Permeability of fractures in shale rocks – Influence of pressure, temperature, stress and fluid chemistry

Main Authors: Herrmann, J., Rybacki, E., Wang, W., Milsch, H. H.
Format: info publication-other Journal
Bahasa: eng
Terbitan: , 2020
Subjects:
Online Access: https://zenodo.org/record/5795721
Daftar Isi:
  • We conducted fracture permeability experiments on shales at elevated confining pressures, pc, temperatures, T, and differential stresses, σ, representing in situ conditions (z≈2-3km). Examined rocks were Wissenbach shale, which is of Variscan age, recovered from the `Hahnenklee' drill site (Harz mountains, Germany). Petrophysical (He-pycnometry, Energy dispersive X-ray diffraction) as well as microstructural observations (scanning electron microscopy) reveal a fine grained, anisotropic shale matrix (grain size d ≤ 50 μm) with porosity values of φHe = 1-2%. Main shale components were identified as mechanically weak phyllosilicates, intermediate strong carbonates and strong quartz minerals. Constant strain rate deformation experiments performed at pc = 50 MPa and T = 100 °C prior to fracture conductivity tests reveal predominantly brittle deformation behavior. Peak strength was substantially higher for samples loaded perpendicular to the visible bedding orientation compared to bedding-parallel loading. Fracture permeability tests were done on samples prepared with a saw-cut of given roughness, allowing to measure the evolution of fracture permeability with time under pre-defined pc-T-σ conditions using water and reservoir representative fluids. With increasing pc and σ, fracture permeability, k, decreases, approaching a minimum value at high pc (> 20 MPa) and σ (> 45 MPa), possibly induced by a change from fluid flow through the entire fracture towards flow through localized channels. Comparing the initial and final roughness of the fracture surfaces after experiments reveals that the amount of asperities is reduced. Above T = 40°C, the influence of increasing temperature on permeability is relatively low as k remains nearly constant up to 100 °C, after an initial reduction if temperature was increased from 20 to 40 °C. However, we found a higher concentration of Na+ rather than Si4+ at enhanced temperatures of T = 70°C and T=90°C, respectively.

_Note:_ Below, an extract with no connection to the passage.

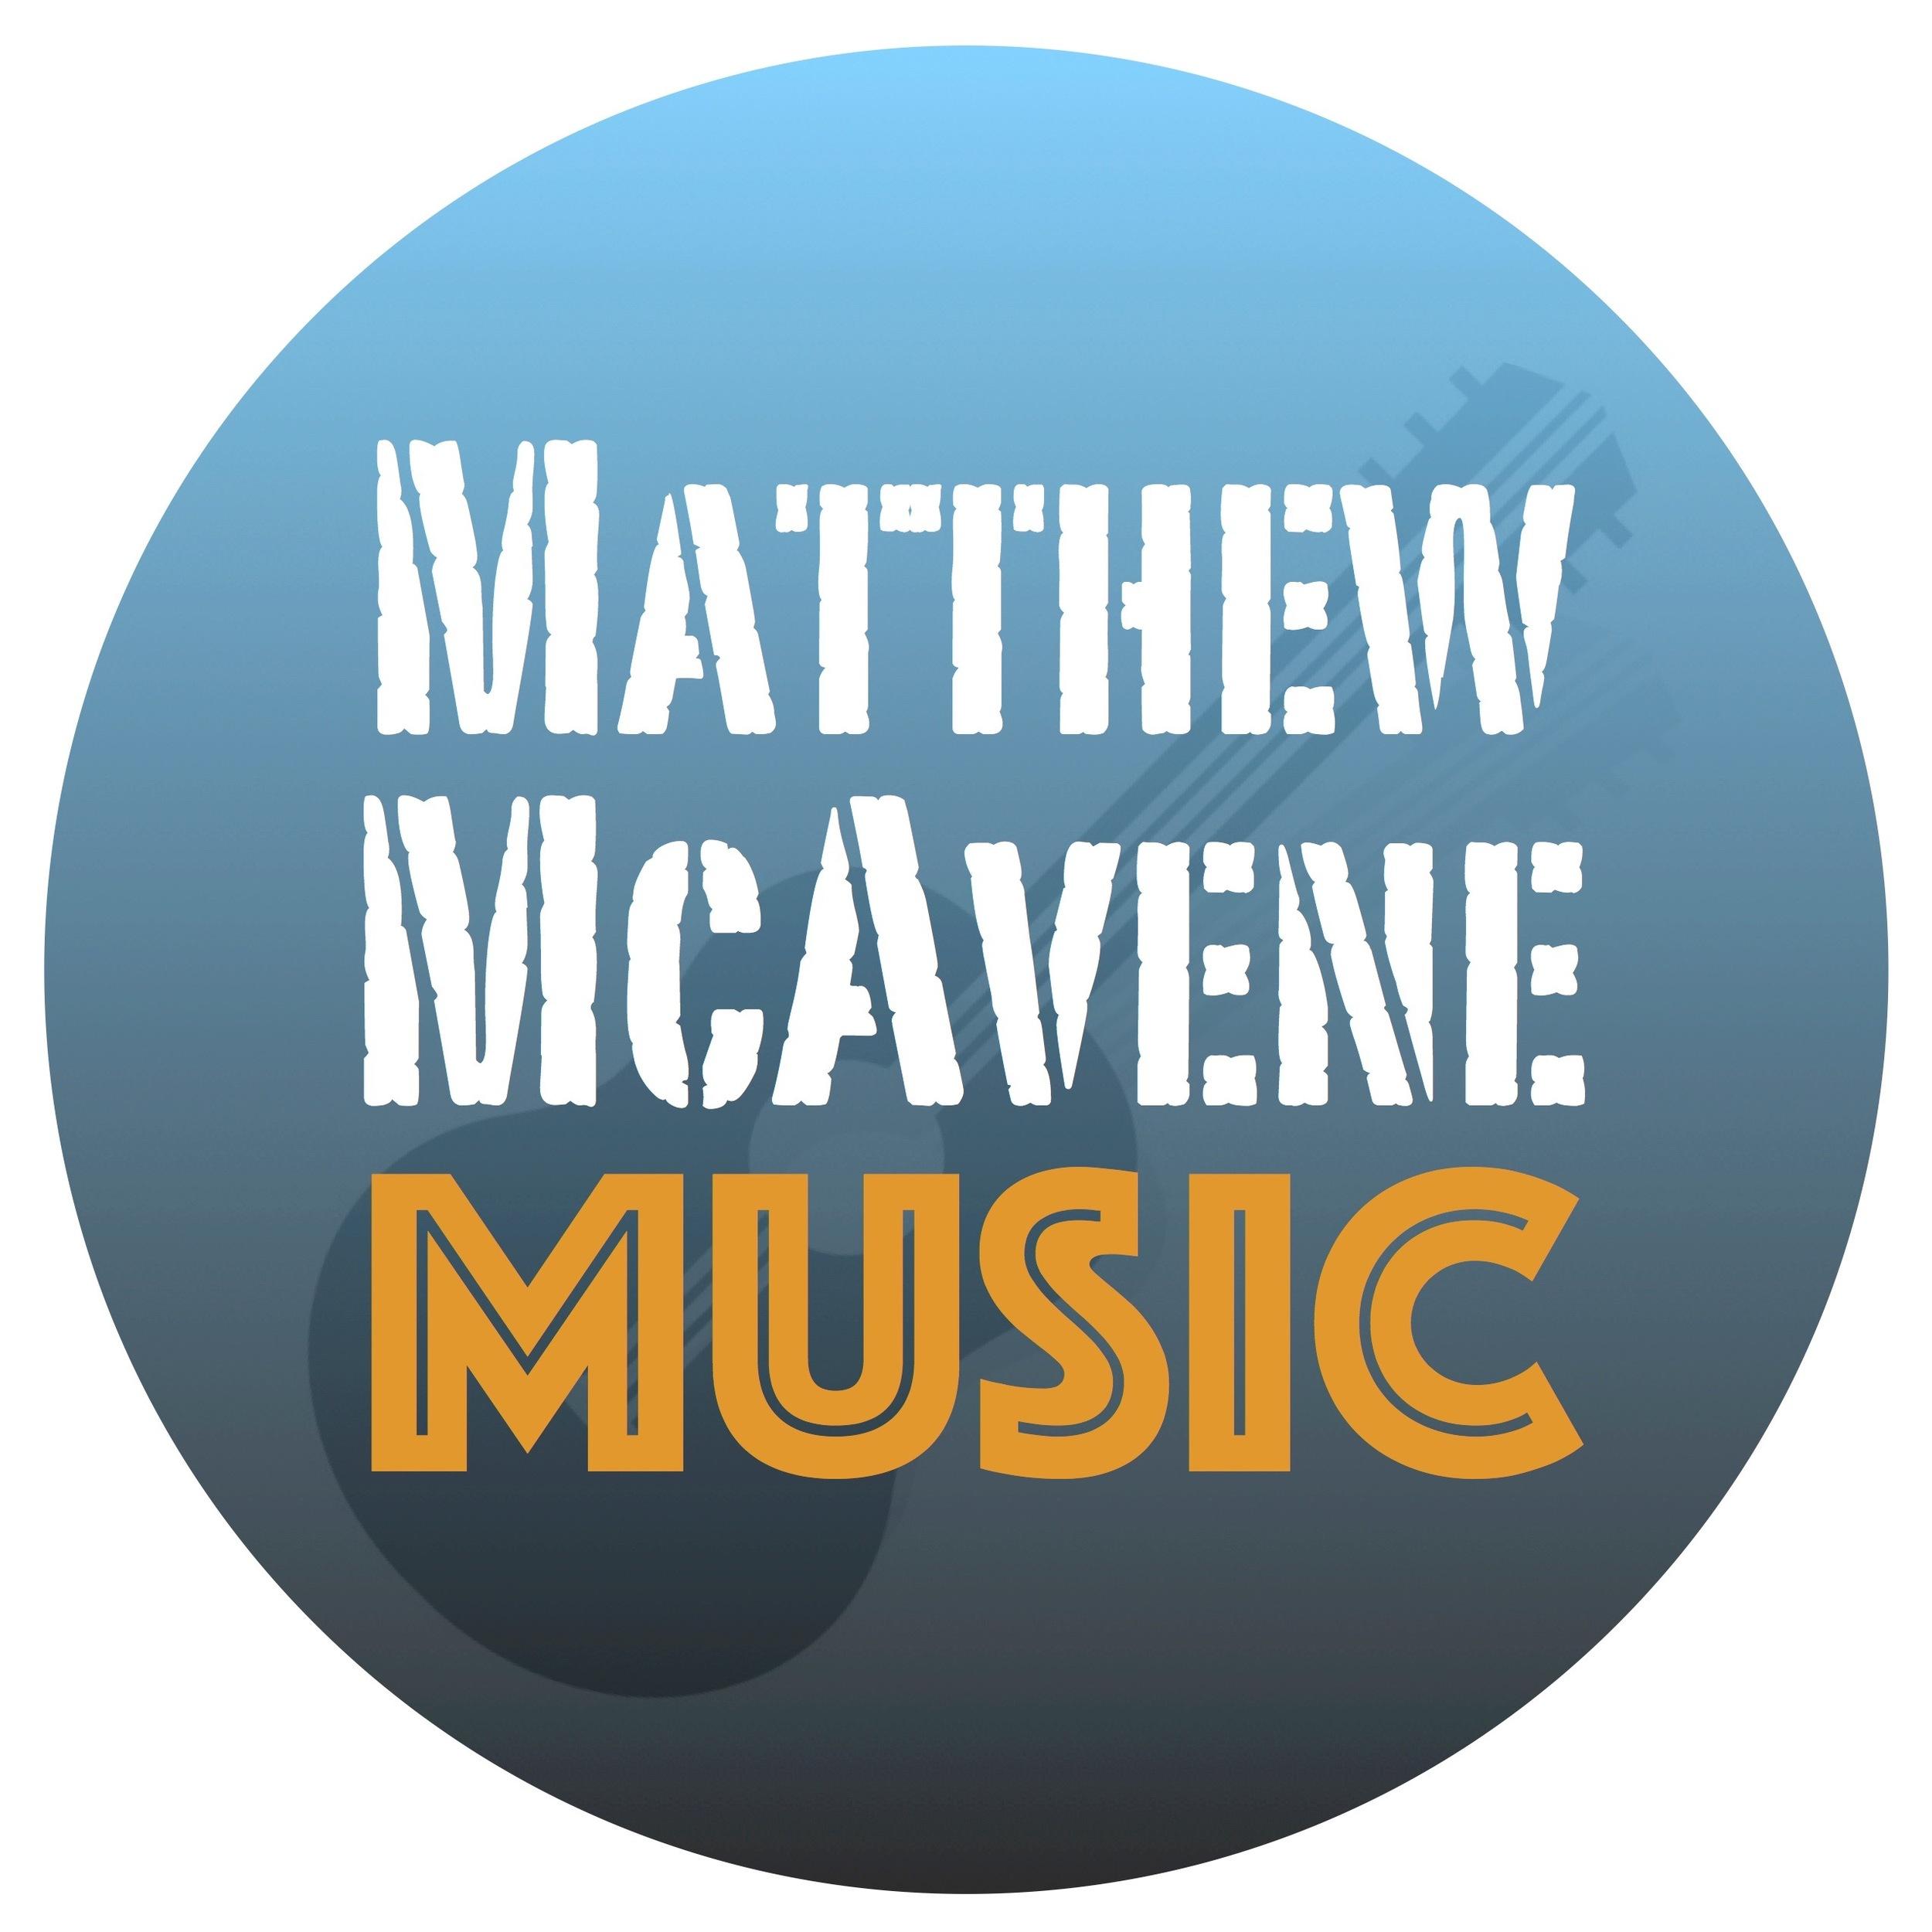 Matthew McAvene Music Logo

In addition, Na- and Si-bearing minerals exhibited a higher dissolution rate at T=90°C, if compared to T=70°C. Our results suggest that the investigated shales may be considered as a potential host rock for (unconventional) Enhanced Geothermal Systems (EGS) as the influence of mechanical in situ boundary conditions as well as (fluid) chemistry is relatively low.